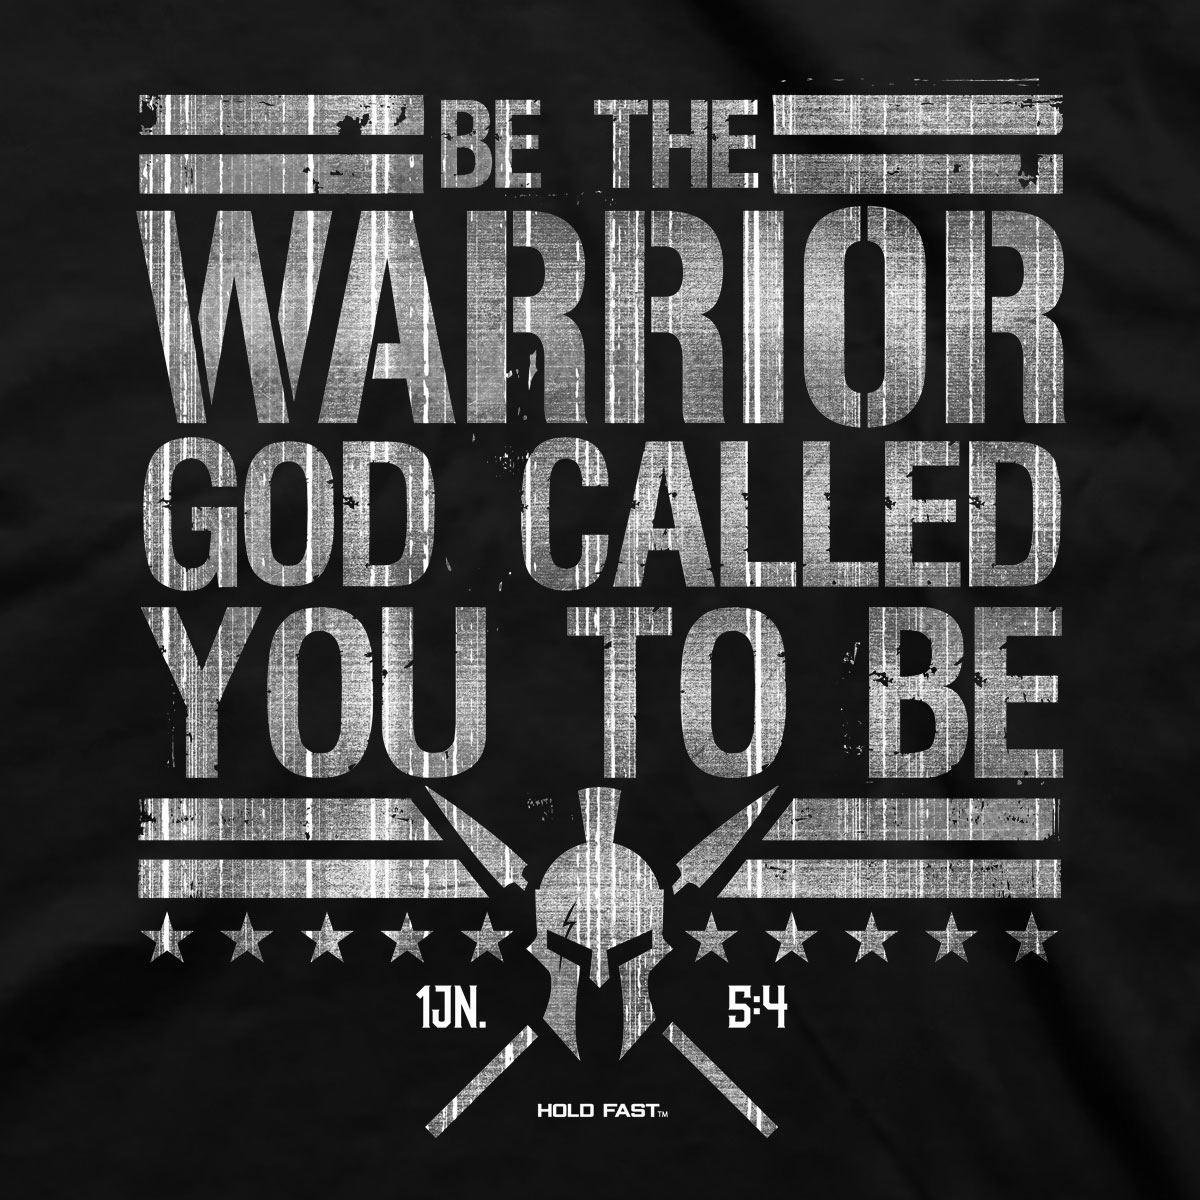 HOLD FAST Mens T-Shirt Warrior - Christian Spirit Wear
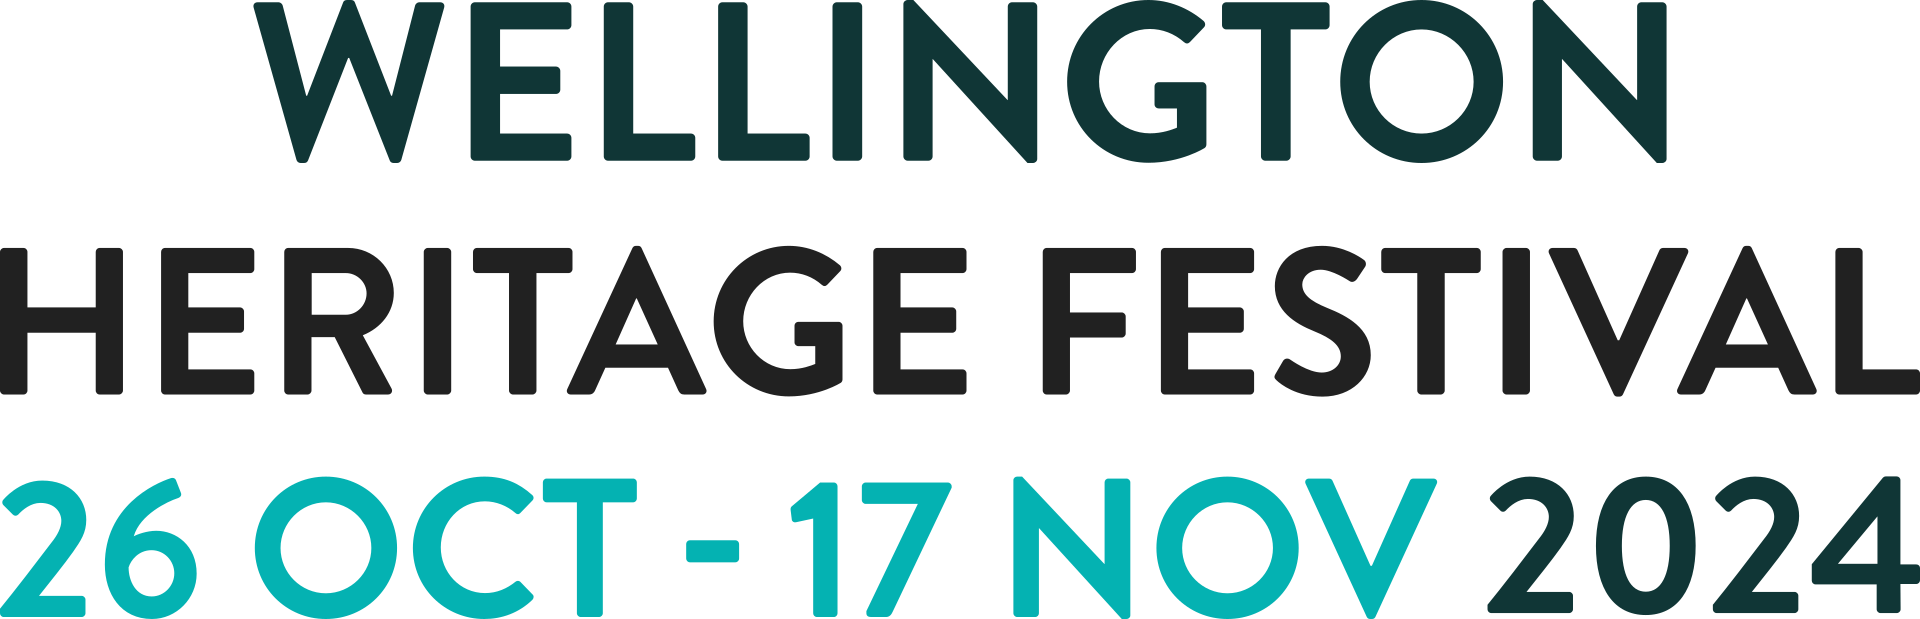 Wellington Heritage Festival 2024, October 26 - November 17
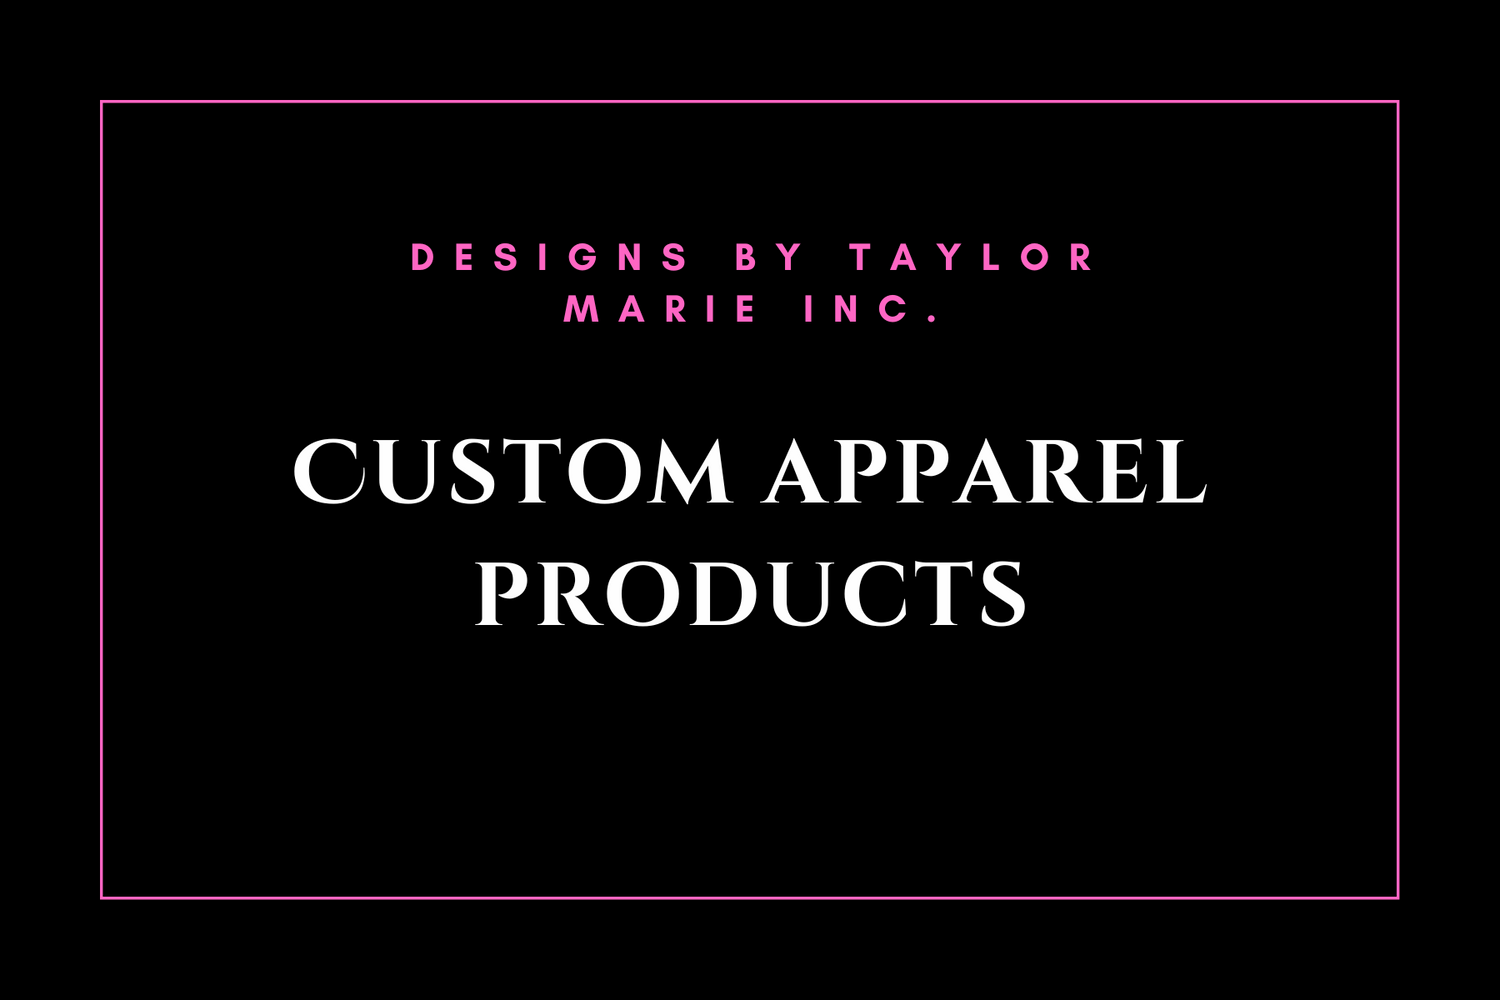 Custom Apparel Products
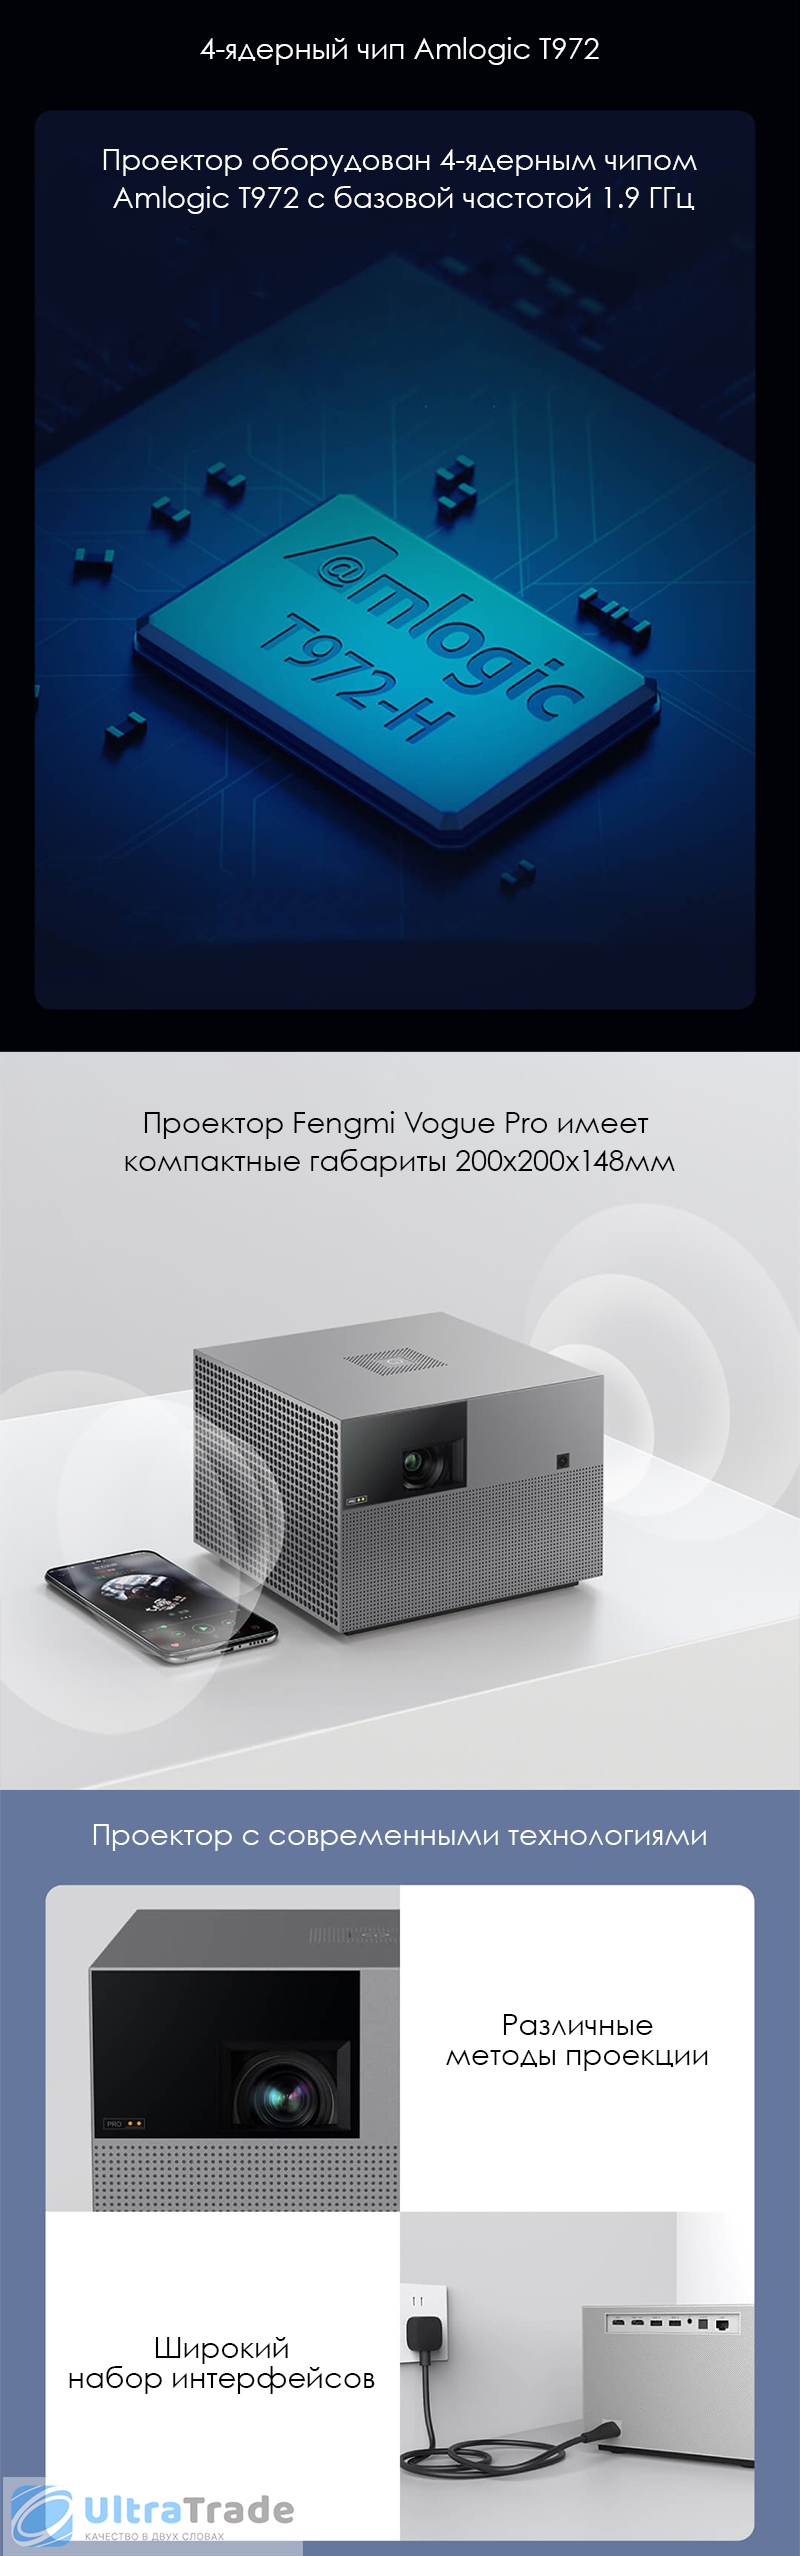 Проектор Xiaomi Wemax Fengmi Vogue Pro Peak Meter Projector (M135FCN-Pro)

» WORK ORDER
Beginning with the line that holds "Custom Apparel Products" and ending with the last line of the material above, extract every line exactly, pictures excluded.

» REPLY
 Custom Apparel Products
 Проектор Xiaomi Wemax Fengmi Vogue Pro Peak Meter Projector (M135FCN-Pro)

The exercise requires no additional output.